For many people, the words ‘Viking funeral’ conjure an image of a deceased warrior aboard a flaming longboat surrounded by lavish gifts, floating off into the distance.
Numerous depictions exist in TV and film reinforce this, from historical fiction offerings such as The Vikings (1958) to comedies such as 2014’s What We Did on Our Holiday.
Yet, there is no known historical text or archaeological evidence that suggests this type of funeral occurred. The trope instead originates from Norse mythology.
In the first main part of the 13th-century Prose Edda (the Gylfaginning) by Snorri Sturluson, the funeral of Baldr (son of the god Odin and his wife, Frigg) is described as an elaborate affair. Baldr’s body and that of his wife, who died at the funeral, were placed onto a boat on the water along with Baldr’s horse, the horse’s harness, and a gold arm-ring from Odin.
The ship was set aflame – consecrated by the god Thor with his hammer, Mjollnir – and pushed off to sea. Shortly afterwards, Thor kicked a dwarf named Lit onto the burning vessel because he ran in front of him.
Outside of Norse mythology and literary texts, such as the Old English epic Beowulf, no funerals of real Vikings are known to have been held on the water. However, several elements from these tales have parallels to known Viking Age graves, such as grave goods, pyres, and even human sacrifices.
Nonetheless, land-based funerals and burials could be ostentatious. In the 10th century, the Arab traveller Ahmad Ibn Fadlan recounted his diplomatic mission to the Rus of Eastern Europe. In the text, he recounts an extravagant funeral and cremation grave (which is later sanitised in the 1999 film The 13th Warrior).
Ibn Fadlan writes of the funeral of a chieftain, who was placed in expensive clothing and onto a boat on land with numerous grave goods – such as weapons, decorative accessories, food, drink, and animal sacrifices – and a female slave who was made drunk, raped and killed as a sacrifice.
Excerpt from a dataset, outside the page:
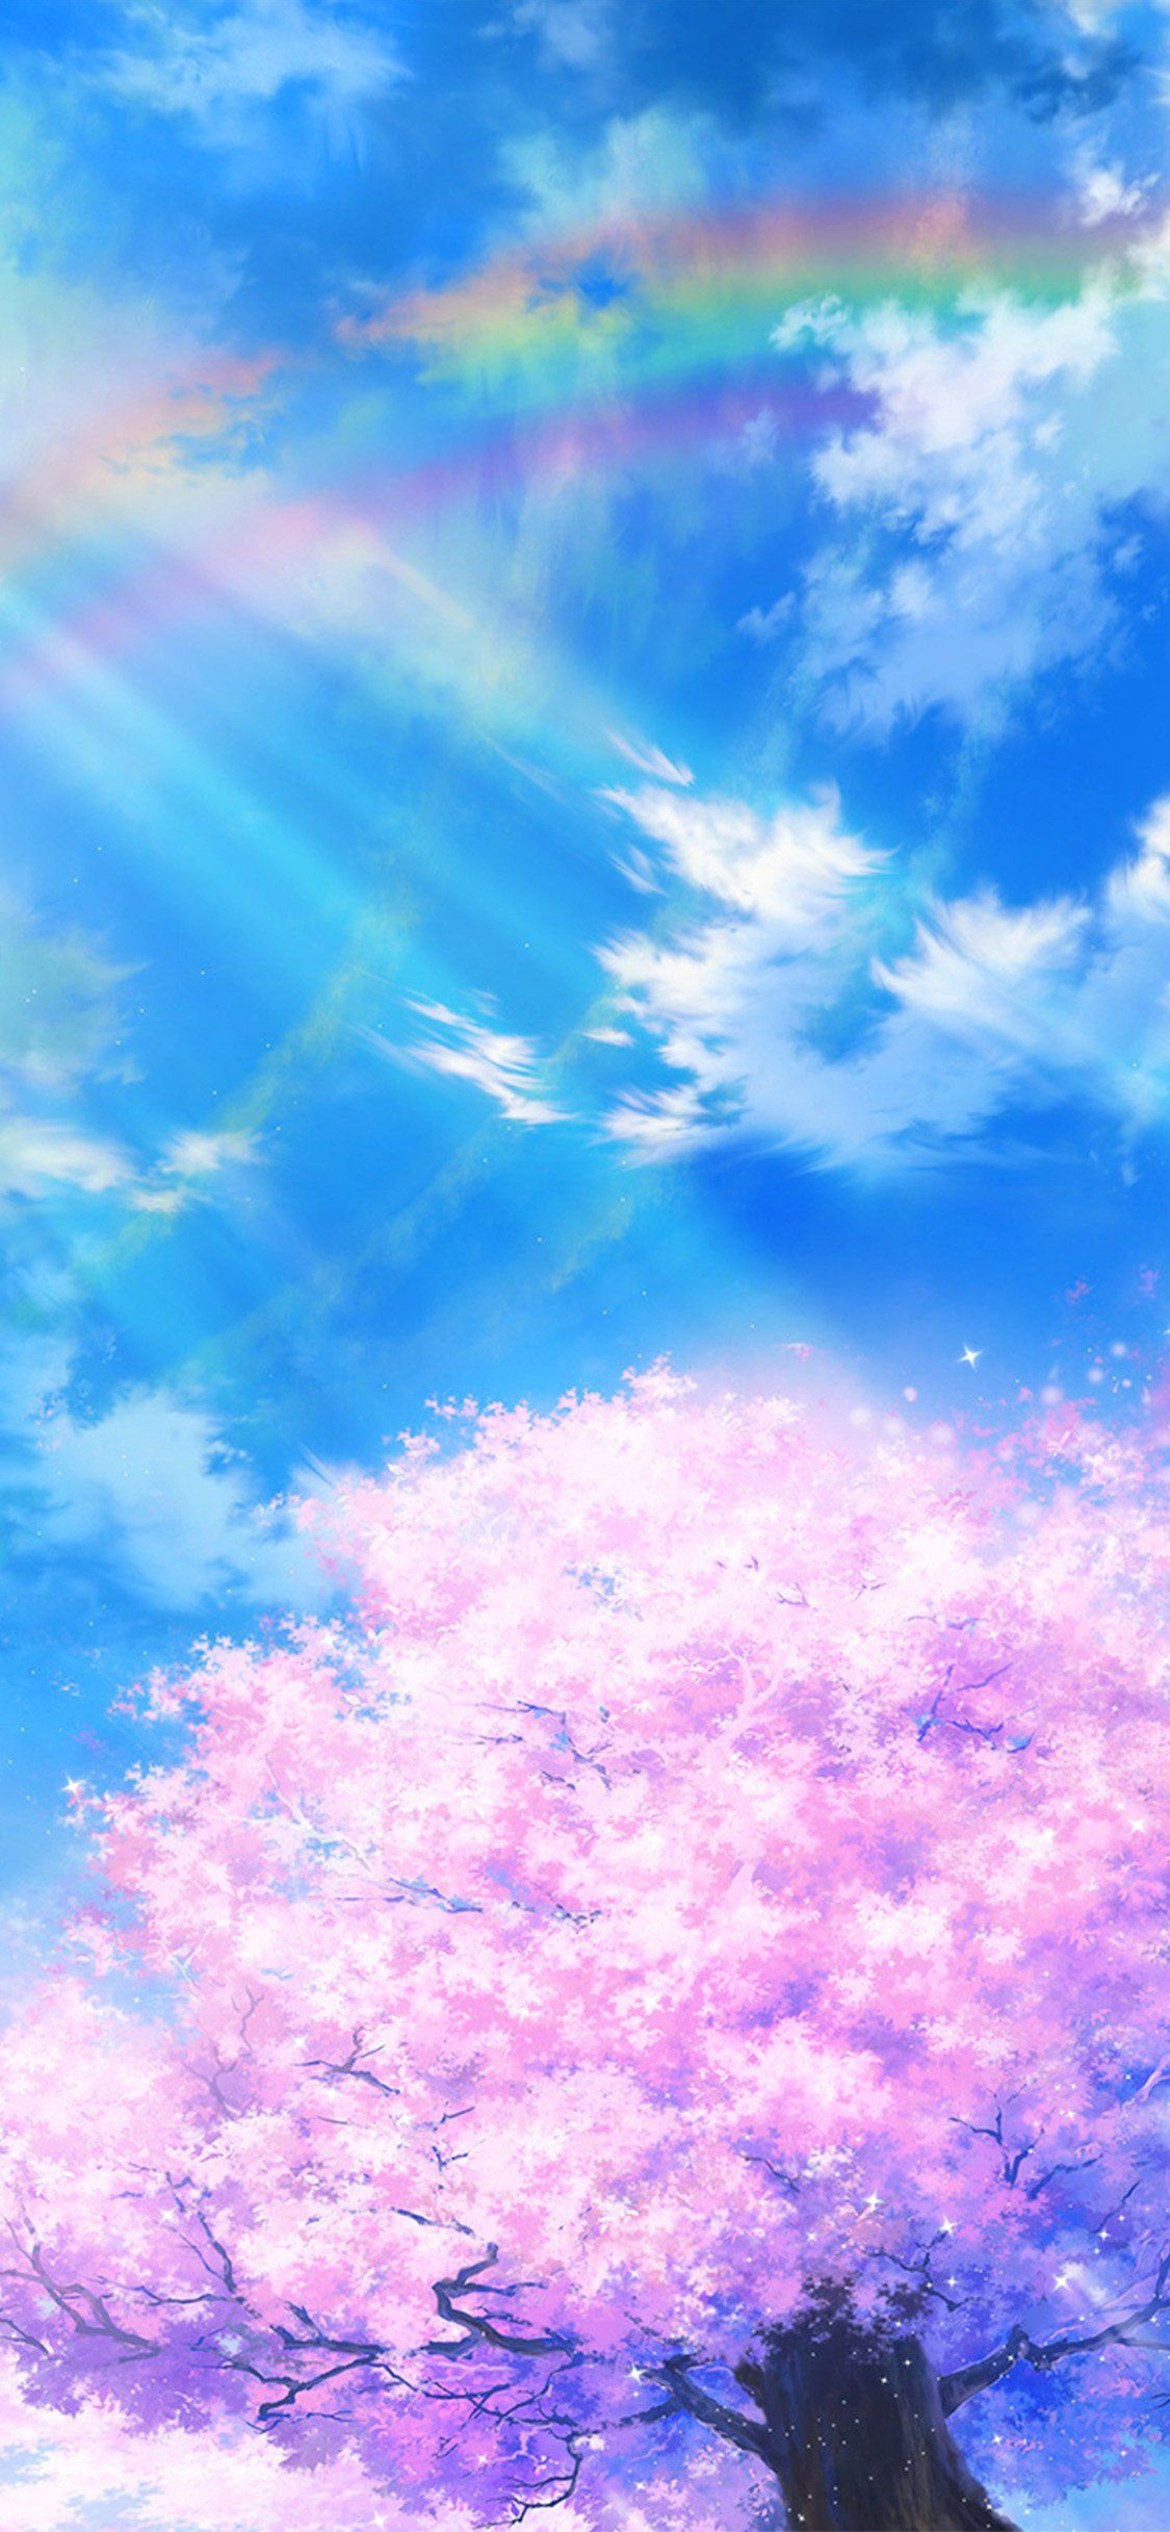 水色の綺麗な空と虹と桜のイラスト Iphone 12 Pro 壁紙 待ち受け Sumaran
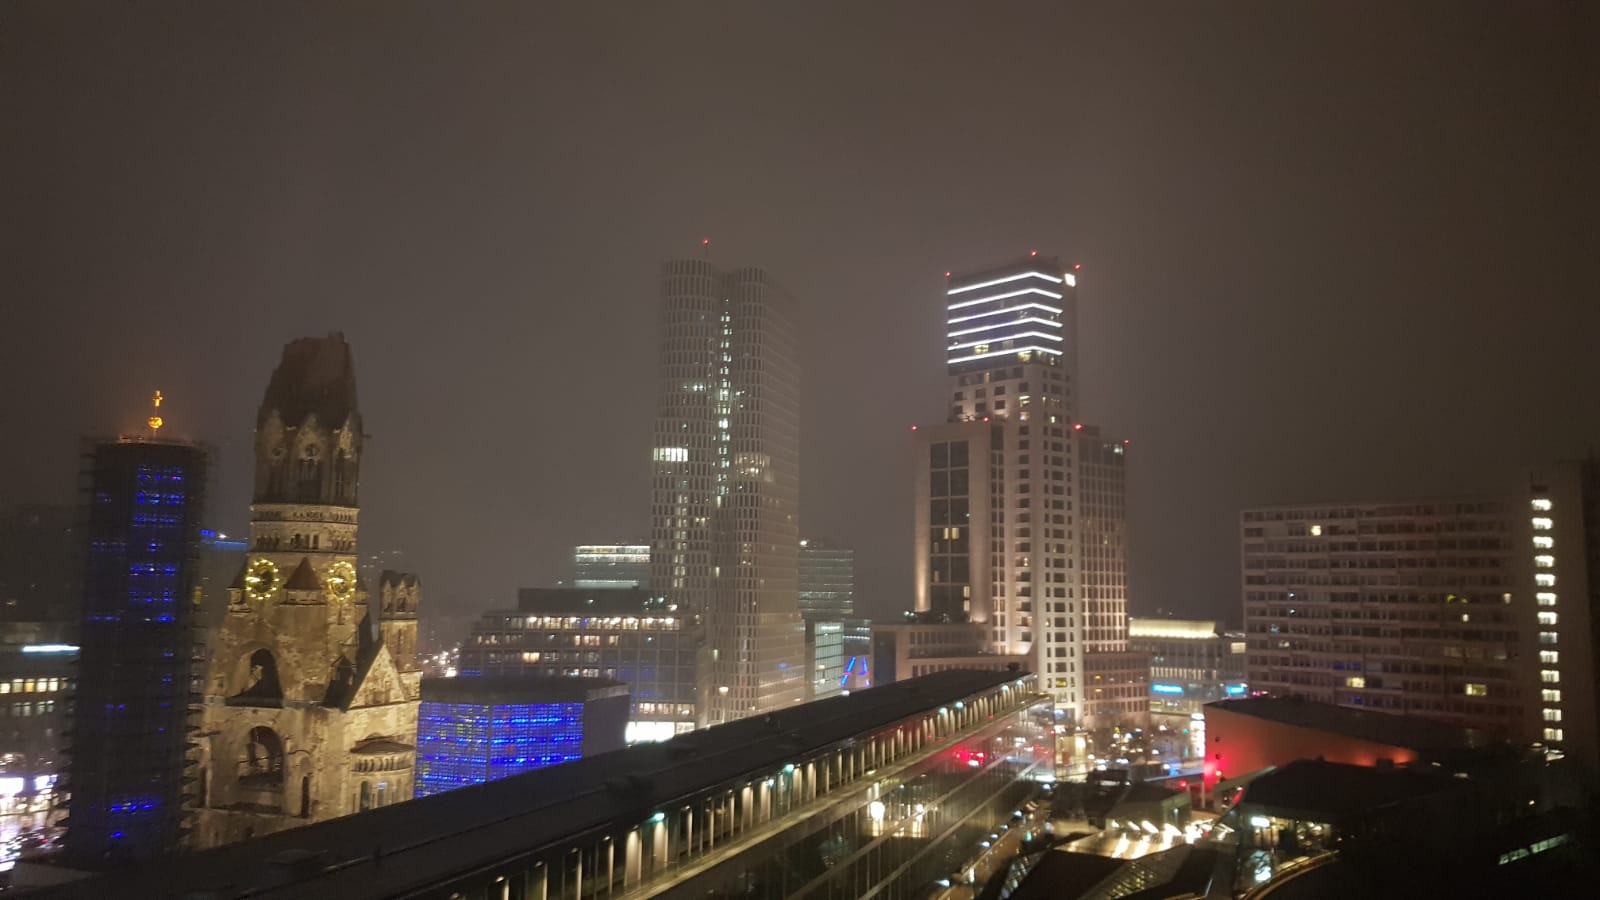 Exkursion Berlin - Berlin bei Nacht mit Blick auf die Gedächtniskirche

The whole ship was then set on fire and covered afterwards with a mound and a wooden grave marker with the chieftain’s name.
As we do not have texts written by Viking Age individuals, we rely primarily on the material evidence for information regarding funeral and burial practices. A range of graves are present throughout Scandinavia and the larger Viking world, varying not just regionally, but locally as well. The deceased could be buried or cremated.
Viking burials: what can graves tell us?
The dead were often buried with grave goods. These ranged from small objects, such as tools and jewellery, up to weapons and furniture. Animals like dogs, cats, and horses were sometimes cremated or inhumed as sacrifices. As reflected in Ibn Fadlan’s account, slaves could also be sacrifices and have been found in various graves, some of which are on the island of Gotland in Sweden.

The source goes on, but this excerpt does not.